To date, our work on providing new and improved services (sometimes called ‘new models of care’) has identified a need for significant increase in our workforce. These increases are due to:
- Providing more care in community settings (e.g. clinics in GP surgeries or other health or care buildings) so patients don’t have to
travel to hospital - Identifying and intervening if patients are showing signs of needing hospital care
- Providing patients and service users with the care that best meets their needs, in the more effective and efficient way, and in the
most appropriate setting - Making sure we have an adequate and sustainable levels of health and care staff so the system can meet demand.
Our key challenges
We have a number of key challenges:
- We need ‘Integrated Care Workers’ – a new role created to support our specialist staff (clinical experts in their area, such as cancer, diabetes) and to deliver basic care to patients – see our staffing model below.
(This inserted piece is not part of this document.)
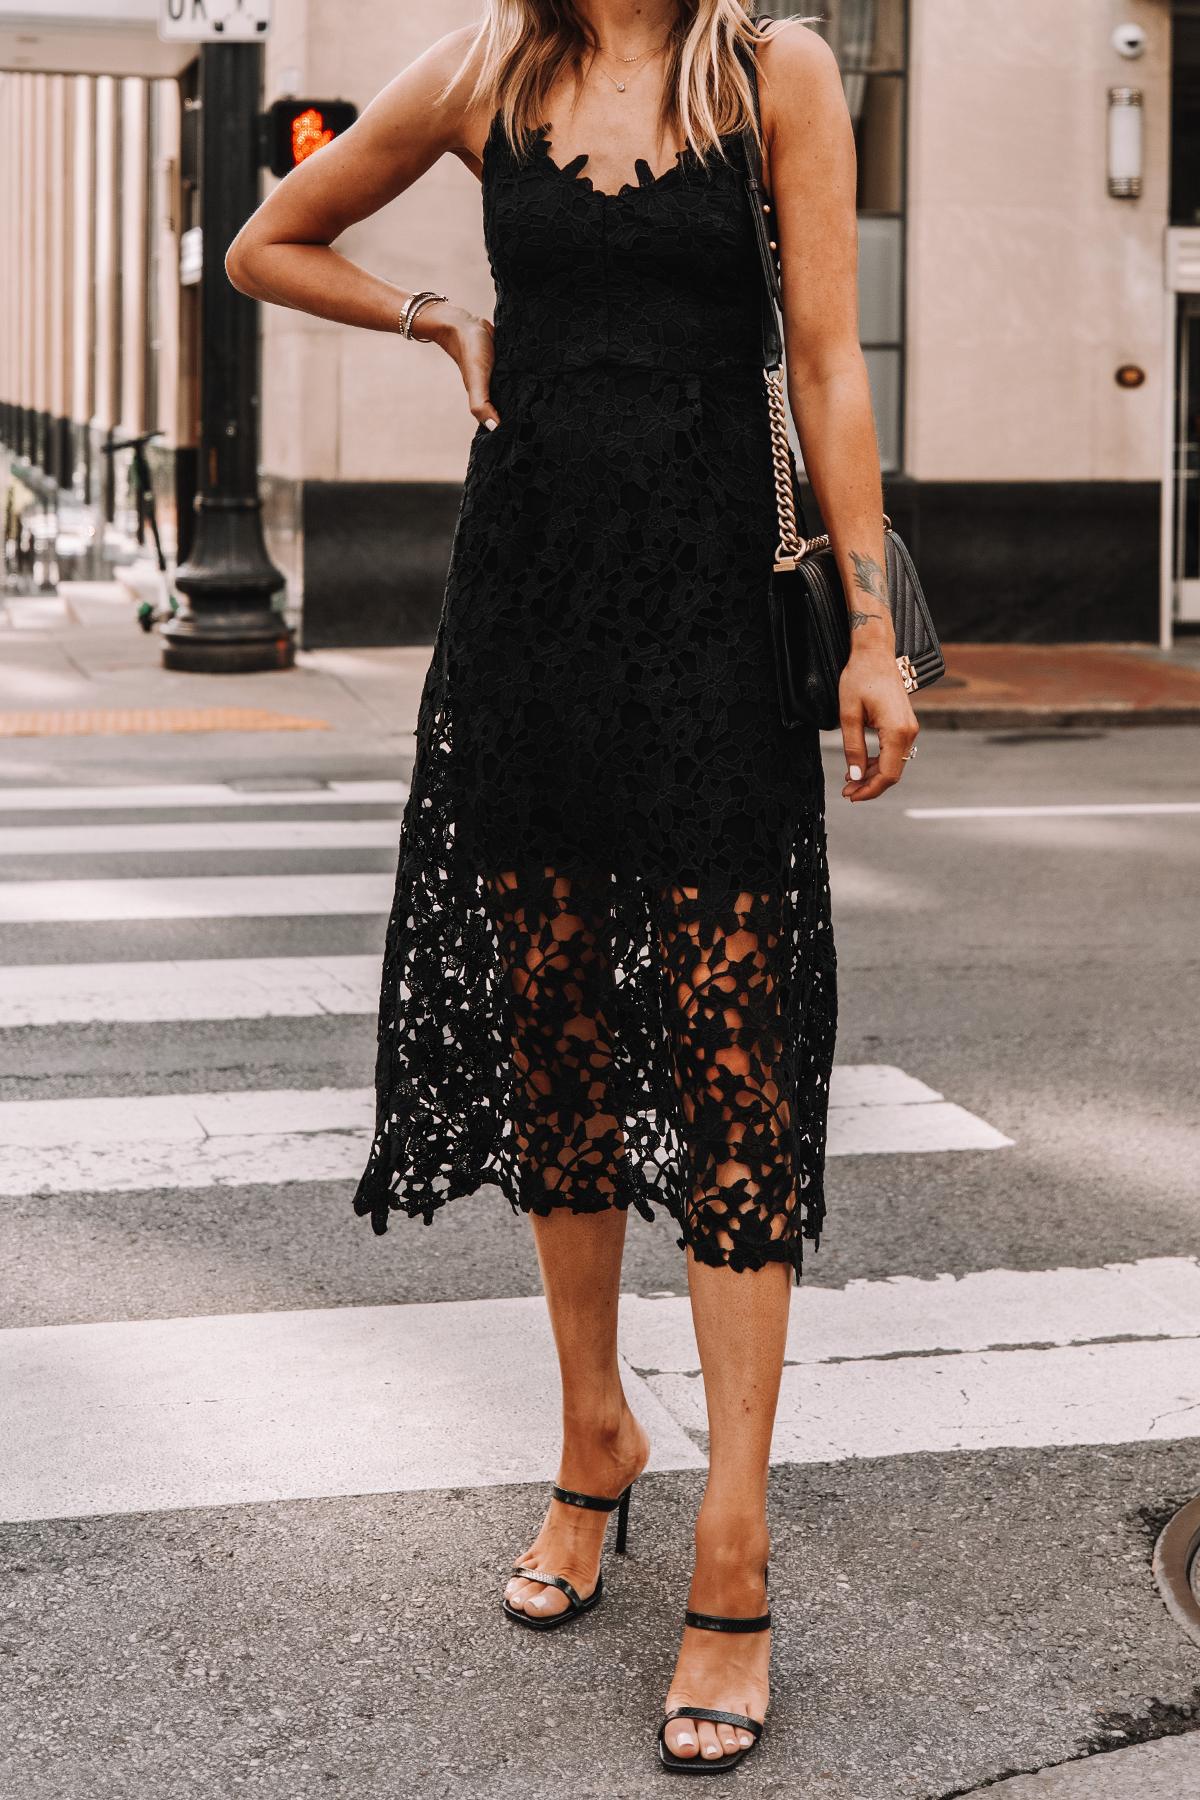 Fashion Jackson Wearing Black Lace Midi Dress Black Heeled Sandals Cocktail Dress 3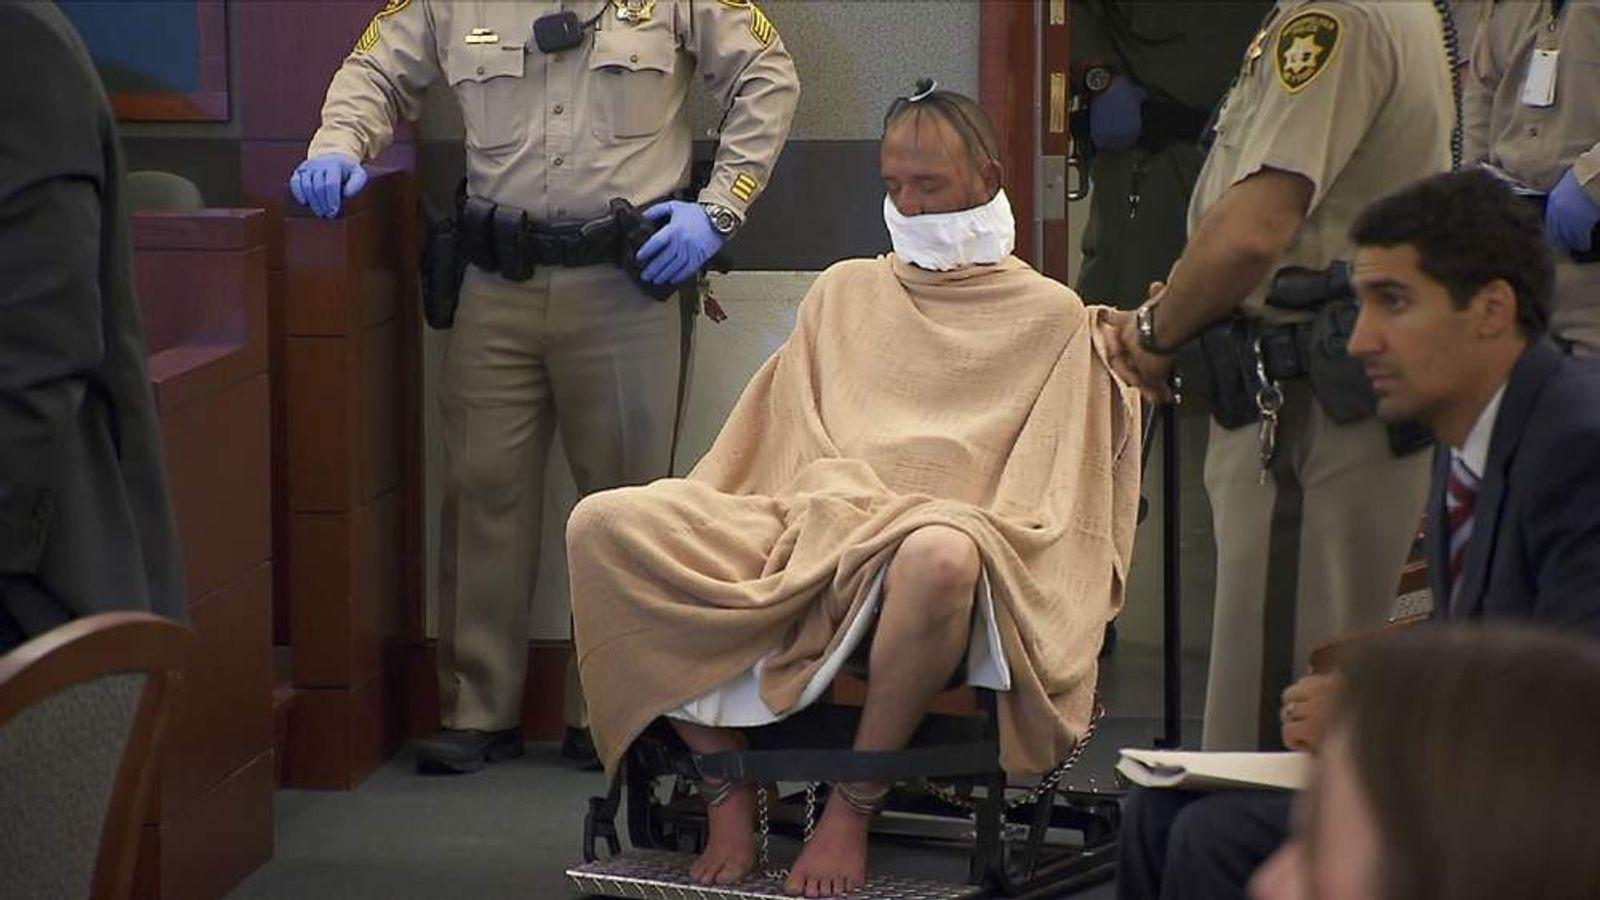 Vegas Casino Heist Suspect Restrained In Court

- Also required for a number of our service improvement projects are the scarce Allied Health Professionals (dietitians, medical technicians, occupational therapists, physical therapists, scientists, radiographers, respiratory therapists, pathologists).
- We are also working with the pressures on our workforce through increasing patient demand for services, the management of patients with more complex, multiple conditions, staff vacancies, overseas recruitment for nursing, and retaining older staff.
Our data
What we know about our current workforce:
- We have a younger workforce across the system in comparison with the rest of our region (Midlands and East), with the highest percentage of staff aged 21 to 30, and the fewest aged 46-55.
- The number of doctors rapidly reduces past the age of 46, with a decline in nursing post the age of 54.
- Locally we have high cost of living areas making it difficult to attract staff.
Our staffing model
In order to provide the required staff to support the new and enhanced services (new models of care) that will deliver the changes we need, the following factors have been considered as critical for success:
- Development of Integrated Care Workers across the whole health and care system – to create a large workforce which is responsive, flexible, and competent in a range of areas to support our specialist staff and deliver basic care to our patients.
- Development of two new roles to ‘close the supply gap’:
- Medical Assistant – designed to work with GPs in general practice surgeries and provide high level administrative support.
- Physician Associate – designed to provide high level support to hospital consultants.
- Taking steps to increase the number of the newly-qualified nurses, therapists and district nurses.
- Education and training programmes to encourage staff to move into specialist roles, other career enhancement opportunities, and to increase the skills of our staff.
Overseeing the system-wide five-year workforce strategy
The Sustainability and Transformation Partnership has set up a Local Workforce Advisory Board (LWAB). This board has system-wide representatives from HR, nursing and education, higher education, local authority, Clinical Commissioning Group and patient representatives.
The board group is overseeing the delivery of our system-wide five-year workforce strategy. Jo Bennis, LWAB clinical lead, said: “Our challenge is to deliver and balance the workforce requirements across our provider organisations, general practice, and social care. Our group members are providing greater working together and understanding of the issues and solutions improving a range of patient services.”